Procurement and supplier-neutrality in practice
The supplier-neutrality pattern (Pattern 5) needs concrete expression in procurement. The architect supports the procurement team with:
- Statement of Requirements. Framework-neutral statements that specify outcomes and interfaces (OpenAPI, MCP, OpenTelemetry) rather than specific vendors.
- Evaluation criteria. Published scoring on portability, exit cost, open-format support; not just feature parity.
- Pilot-to-production portability tests. Evidence that the piloted system can run against alternative components; proof-of-concept of framework portability.
- FOSS + commercial pairing. Where a commercial product is chosen, the procurement specifies that the product’s data, configurations, and logs remain exportable in open formats.
- Sovereignty clauses. Where sovereignty matters (central-government, judicial, national-security-adjacent), procurement specifies processing geography, national-cloud deployment, or self-hosted options.
UK G-Cloud, US FedRAMP, Canada’s Digital Standards, Singapore’s GovTech, and EU Member States’ digital-sovereignty programmes all have evolving positions on agentic AI; the architect tracks these actively.
Open-data and algorithmic-transparency reference
UK ATRS portal (https://www.gov.uk/algorithmic-transparency-records). Public repository of UK central-government algorithmic tools. The architect reads existing entries to calibrate disclosure depth, vocabulary, and structure. ATRS records are a useful concrete anchor when the project lacks a template.
Anti-patterns to reject
- “The chatbot is just a convenience; it’s not making decisions.” If citizens rely on its outputs, it is functionally making decisions about their interactions with government. Treat it accordingly.
- “We’ll fix the prompt after launch.” Government launches are scrutinized; content safety is a launch-blocker.
- “We picked the big model because it’s best.” Supplier neutrality is a public-sector design constraint; single-vendor lock-in may violate procurement rules.
- “FOI exemption will cover the model weights.” Perhaps; but design decisions, evaluation reports, and decision logs are not exempt from FOI in many jurisdictions.
- “Ombudsperson route is the same as contestability.” An ombudsperson is a downstream remedy; contestability is a structural property of the first-instance system.
Learning outcomes
- Explain public-sector agentic constraints — EU AI Act Articles 5 and Annex III, ATRS, administrative-law due process, procurement rules, FOI.

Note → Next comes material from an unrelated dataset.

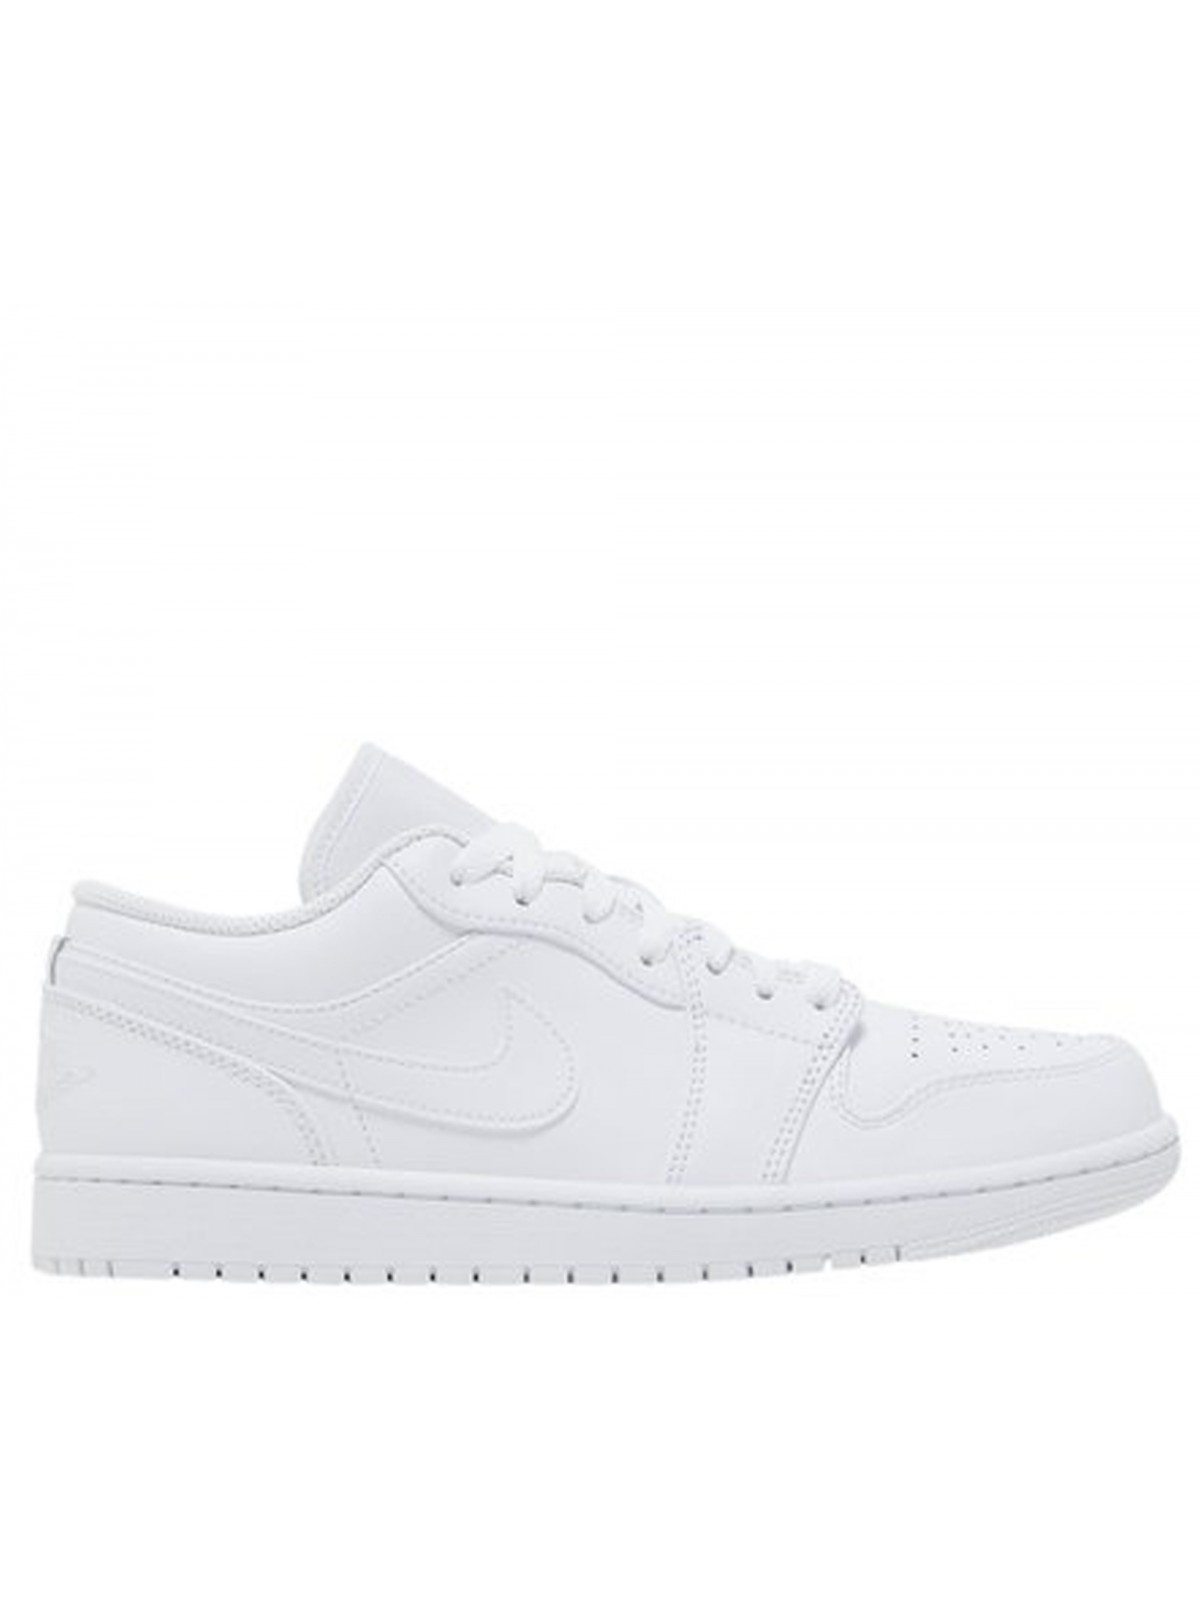 Nike Air Jordan 1 Low blanc 553558-136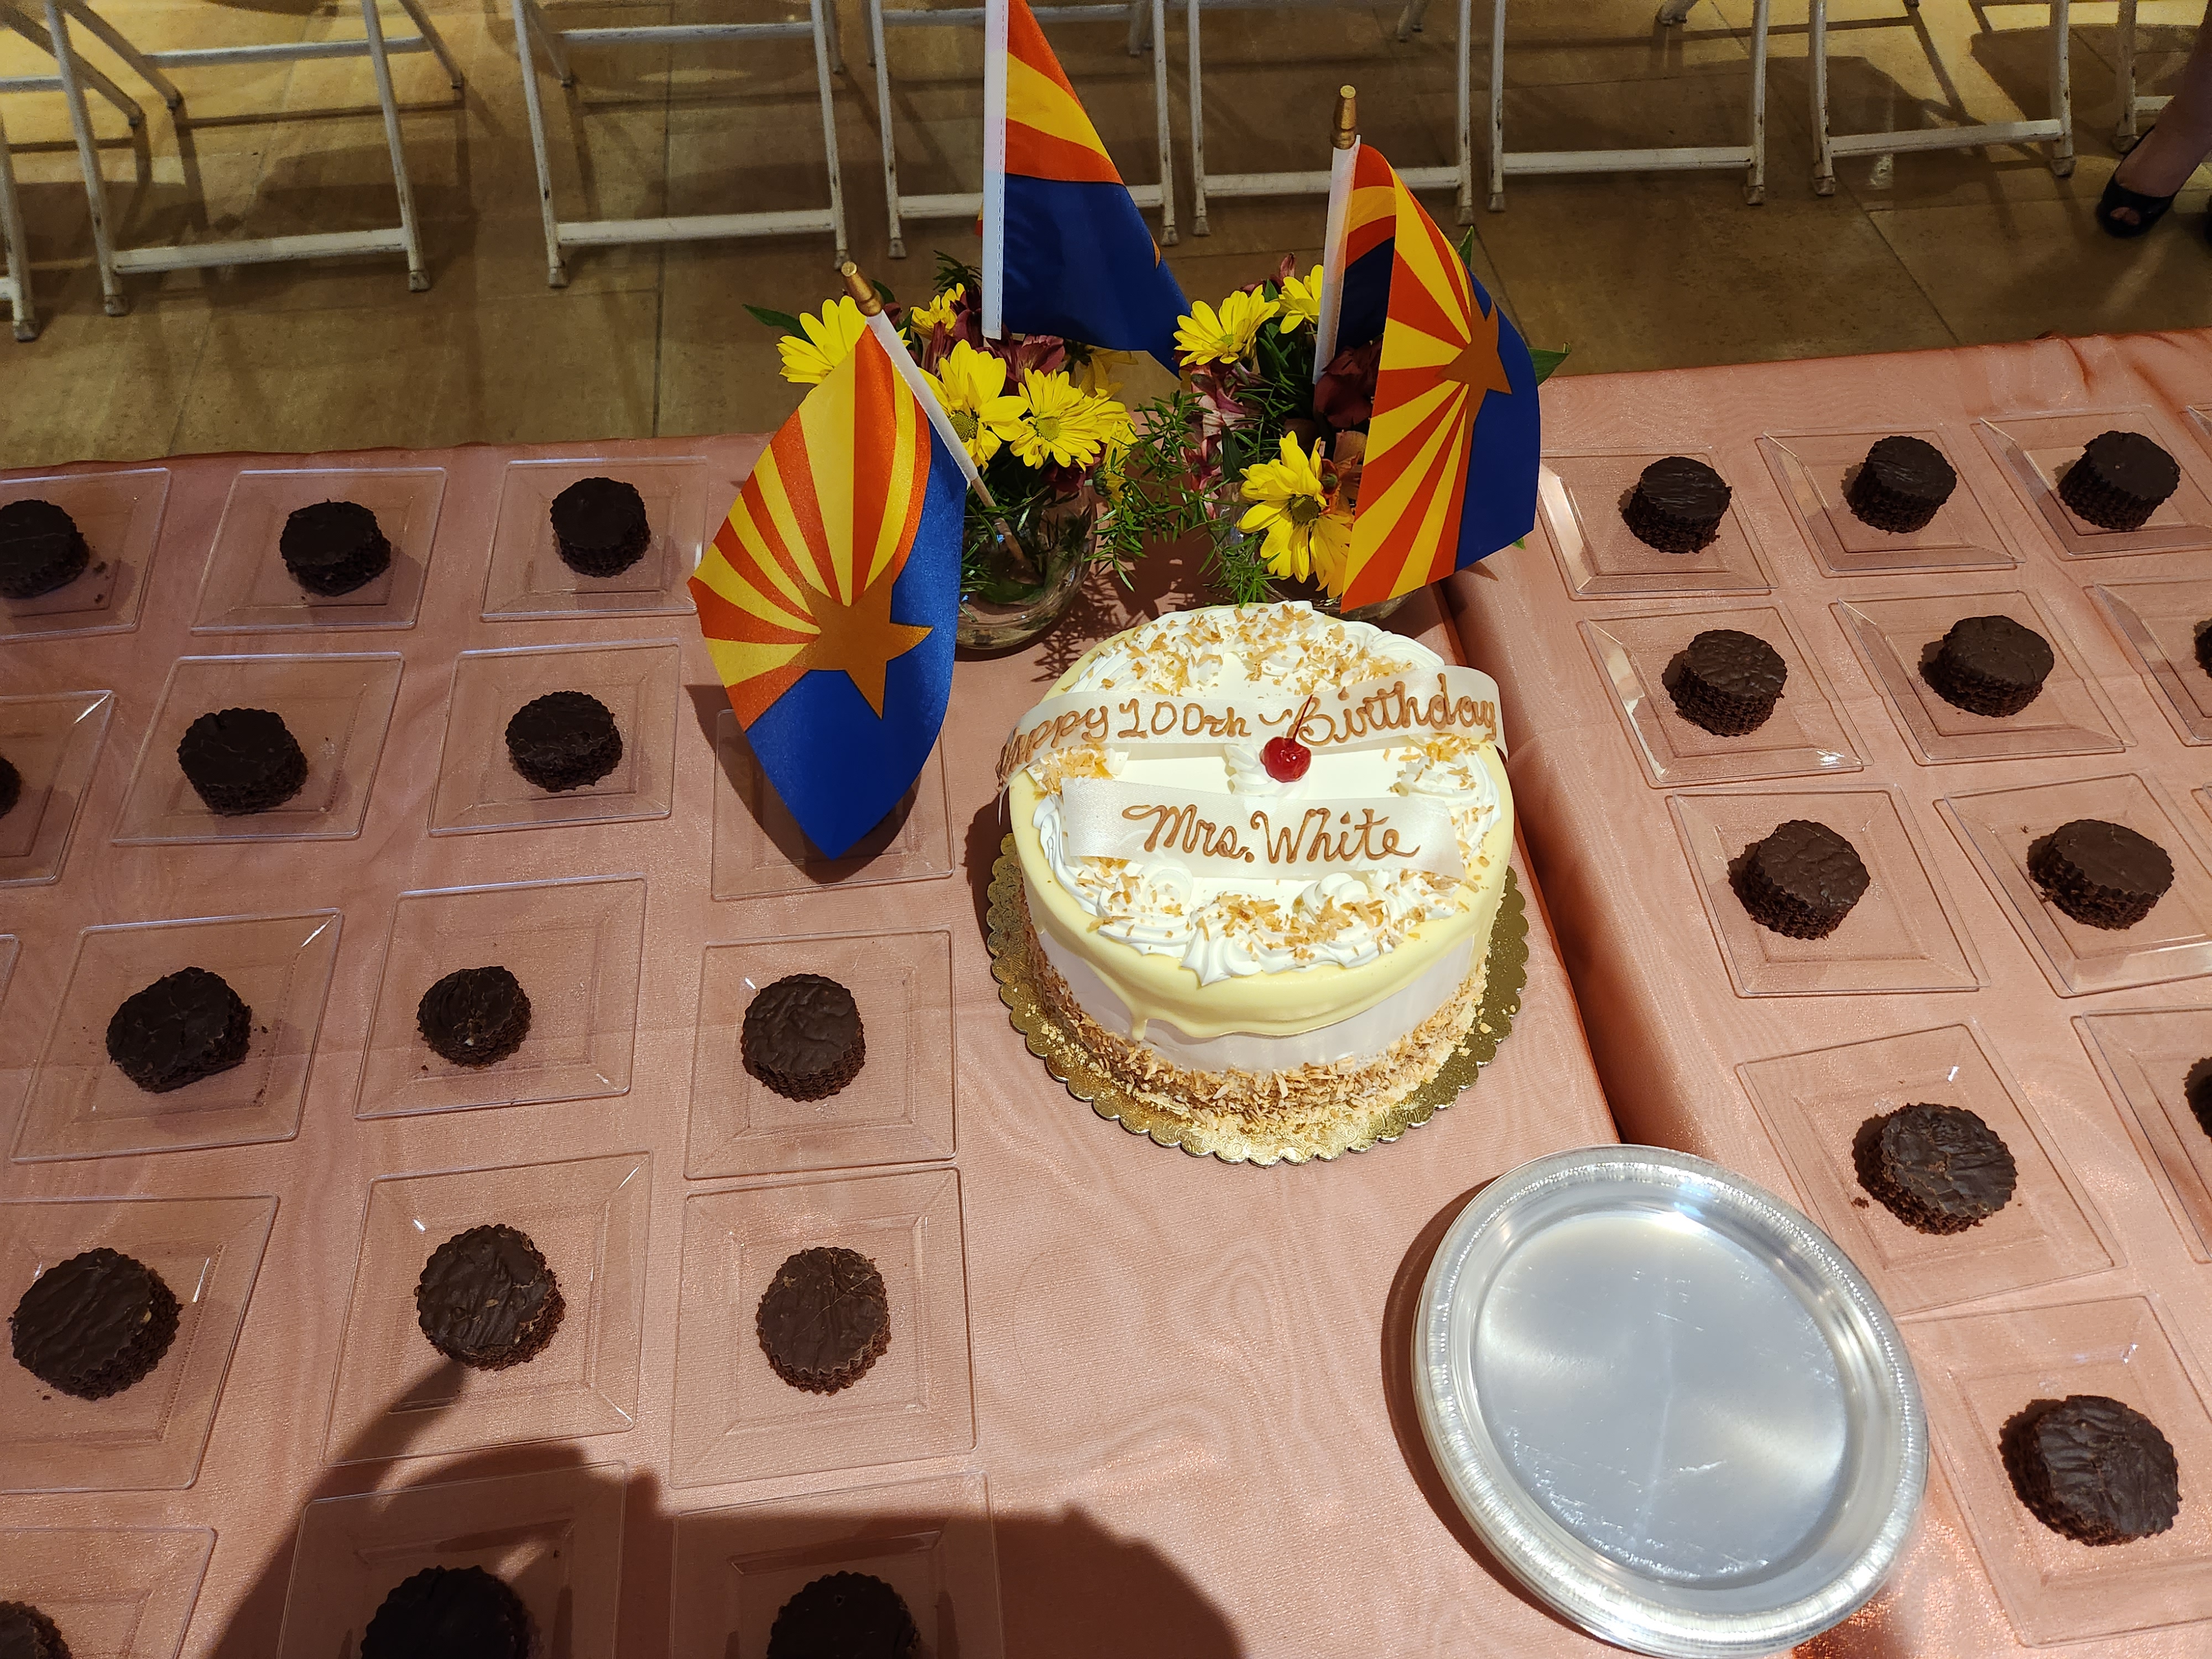 Mrs. White's 100th Birthday Cake

- Classify three PS use cases against EU AI Act Annex III and apply the appropriate transparency + contestability pattern to each.
- Evaluate a PS design for transparency-surface completeness, contest-path adequacy, supplier-neutrality design, and ATRS-readiness.
- Design a PS agentic plan including the Calibrate Article 5 screen, the ATRS documentation, and the citizen-facing transparency + contest surfaces.
Further reading
- Core Stream anchors:
EATE-Level-3/M3.4-Art14-EU-AI-Act-Article-6-High-Risk-Classification-Deep-Dive.md. - AITE-ATS siblings: Article 10 (HITL), Article 22 (policy), Article 23 (EU AI Act), Article 34 (responsible-AI patterns).
- Primary sources: EU AI Act Articles 5 and Annex III; UK Algorithmic Transparency Recording Standard portal; NYC MyCity chatbot reporting (The Markup, March 2024); Dutch SyRI ruling (NJCM v. The Netherlands, 2020, ECLI:NL:RBDHA:2020:865); UK Post Office Offences Act 2024.